Всё звучало довольно просто, кроме одного: где взять столько денег? А он так же возбуждённо продолжал:
— Я понимаю, если у вас нет таких денег, можно будет взять заём в банке на долгий срок, под высокие проценты. Я потом сам смогу выплатить — ведь через три года я уже стану врачом. Но первую тысячу надо послать завгра же, обязательно. Иначе они наберут достаточно студентов и мне не останется места. Со мной там было много американцев, которые не попали в институты здесь.
Мы с Ириной не спали и обсуждали этот новый проект всю ночь. В конце концов, раз всё это делается официально и много американцев хотят там учиться, значит, этому можно доверять. Денег таких у нас не было, но и пропустить такую возможность для нашего сына мы не должны — ведь это его будущее. Поэтому одну тысячу мы внесём завтра и станем думать, где раздобыть остальные.
— А может быть, подождать вносить пока деньги? — шептала мне Ирина, чтобы он как-нибудь не услышал в своей комнате.
— Я тоже подождал бы и сначала узнал побольше про эту Доминику, — шептал я ей в ответ. — Но ты же знаешь, какой он нетерпеливый. Если мы завтра не внесём и место пропадёт, что будет тогда?
Прямо с утра Младший подгонял меня, чтобы идти в банк. Мы были там первыми, и я выписал мани-ордер (специальная форма чека) и послал его заказным письмом ускоренной доставки (дорогим для нас). Настроение у Младшего сразу стало прекрасное — жизнь повернулась к нему радостной неожиданностью.
Наш единственный постоянный американский авторитет моя тётка Люба сказала:
— В Америке большое значение придаётся престижности учебного заведения, в котором учился.

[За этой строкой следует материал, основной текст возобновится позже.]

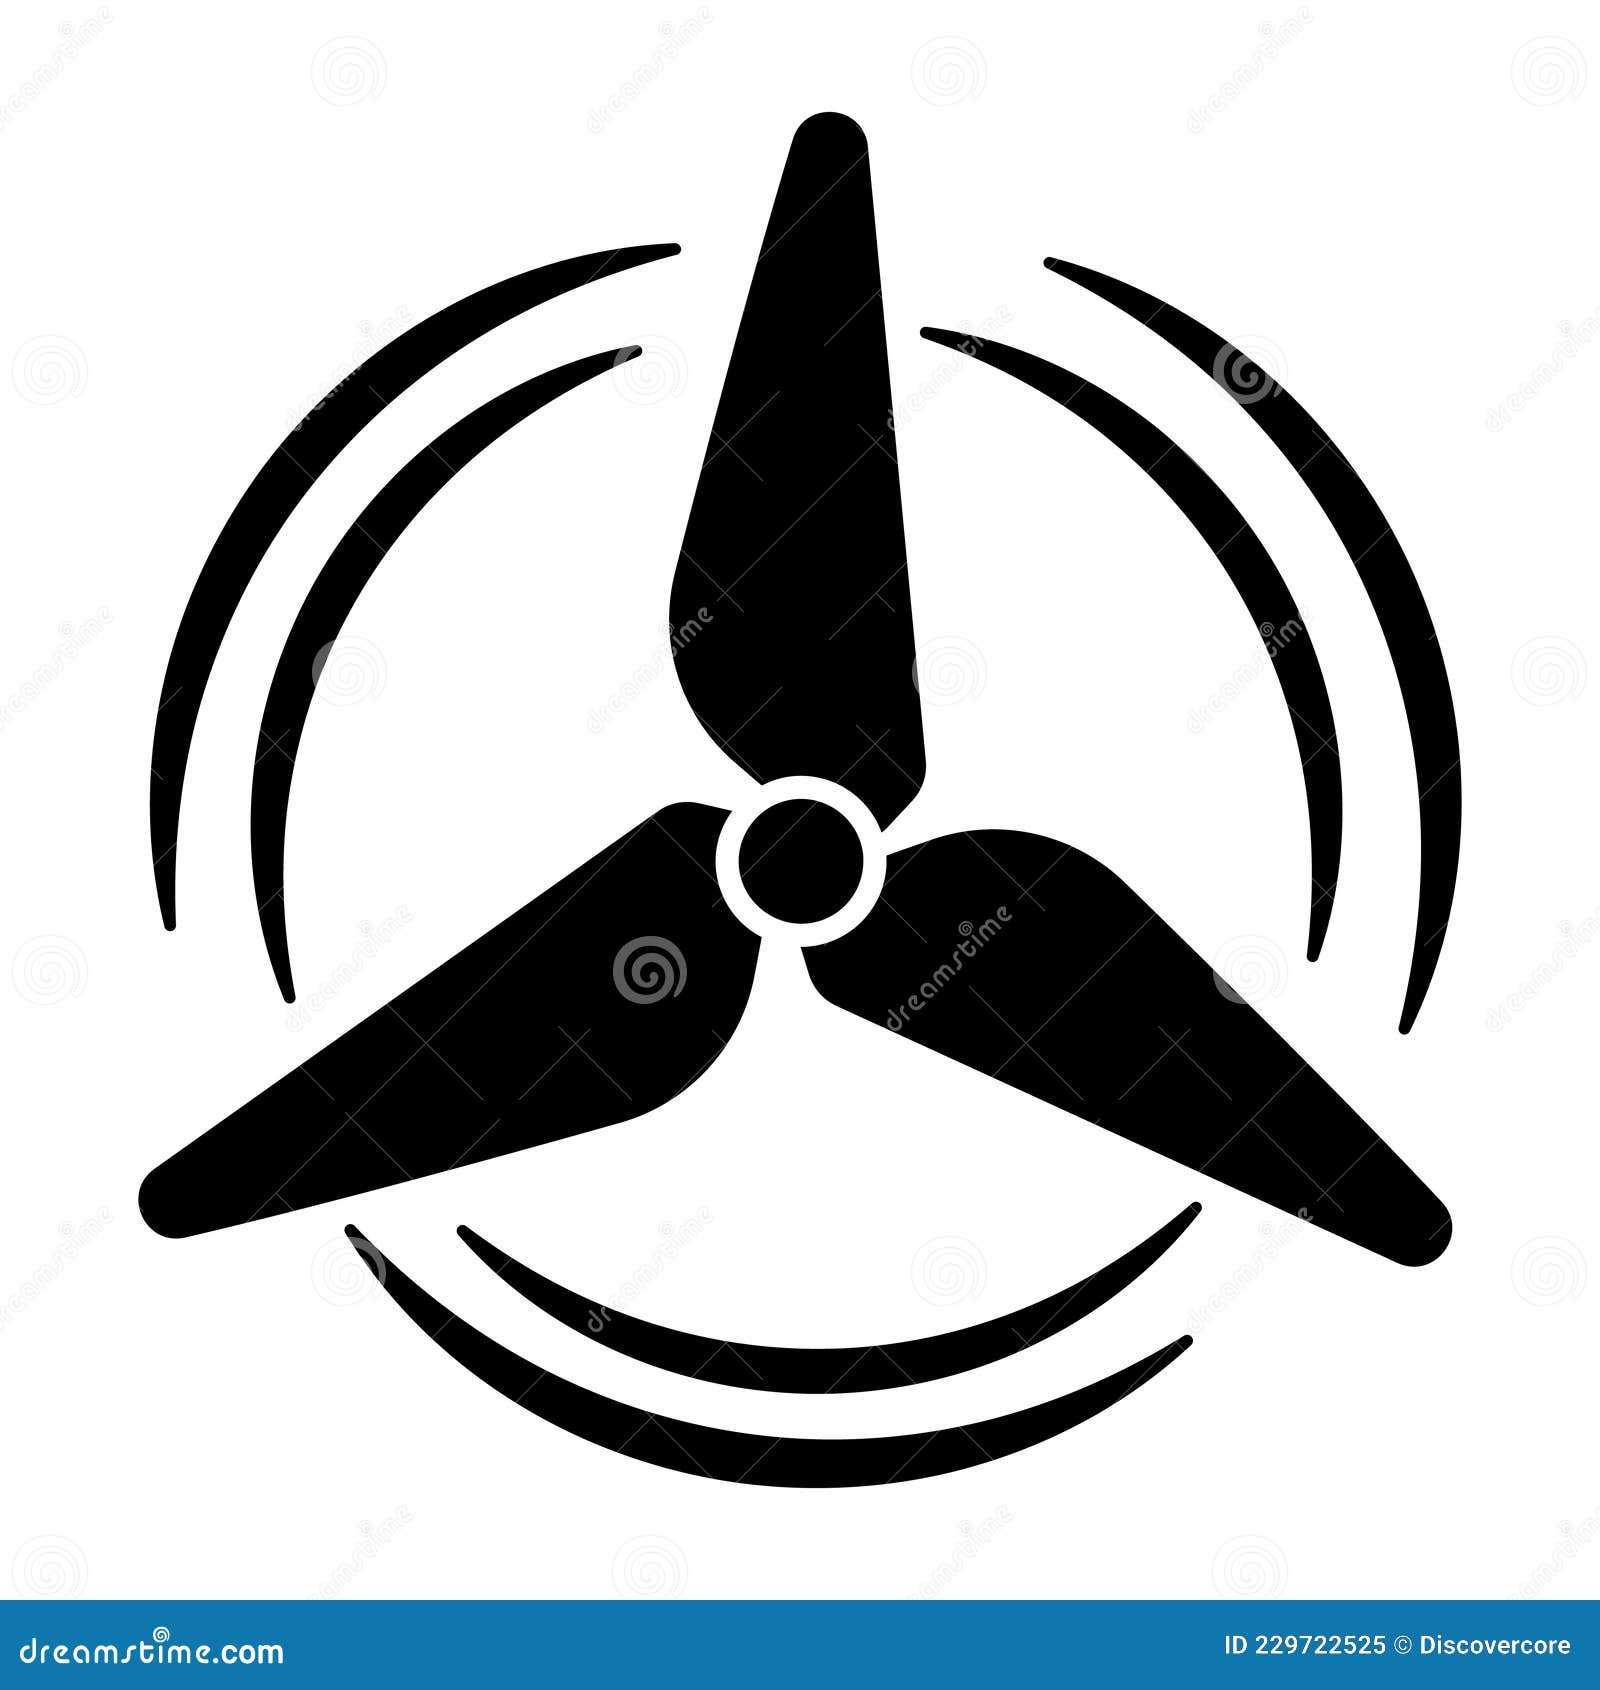 simplistic windmill wind power icon

А этот медицинский институт не только не престижный, но и вообще никому не известный. Если Младший хочет иметь здесь хорошую докторскую карьеру, ему лучше поступить в престижный американский институт.
— О каком престиже ты говоришь, Люба? — возражал я. — В нашем положении не до престижа, а как пробиться любыми путями. Что, например, толку, что я был профессор престижного московского института? Младшему главное стать американским доктором, неважно, какой институт он окончил.
Теперь, по прошествии многих лет, я понимаю, что Люба была права. Практика четверти века показала мне, что почти все доктора из России, не имеющие за плечами престижа образования, смогли обосноваться только для лечения русской иммигрантской массы, не вписались в основную струю американской медицины. Нужны были особые счастливые обстоятельства, для того чтобы стать настоящим американским доктором. Но тогда ничего этого мы не учитывали и значения ничему не придавали.
Младший всё-таки пошёл к советнику по учебным делам в своём колледже. Советник выяснил, что институт в Доминике ещё не был включён в число институтов, которым доверяла Американская медицинская ассоциация. И он отговаривал Младшего от поступления. Но это не остановило его и даже не убедило нас:
— Подумаешь, какие дела — пока не включен, так потом будет включён, — думали все мы по неопытности.
И стали разведывать возможность получить Младшему ссуду в банке. Сунулись в один банк, в другой, в третий… но американские банки не любят рисковать, и ни один не давал ссуды для учёбы в непризнанном Америкой институте: как он сможет вернуть деньги, если нет уверенности, что он получит признаваемый здесь диплом?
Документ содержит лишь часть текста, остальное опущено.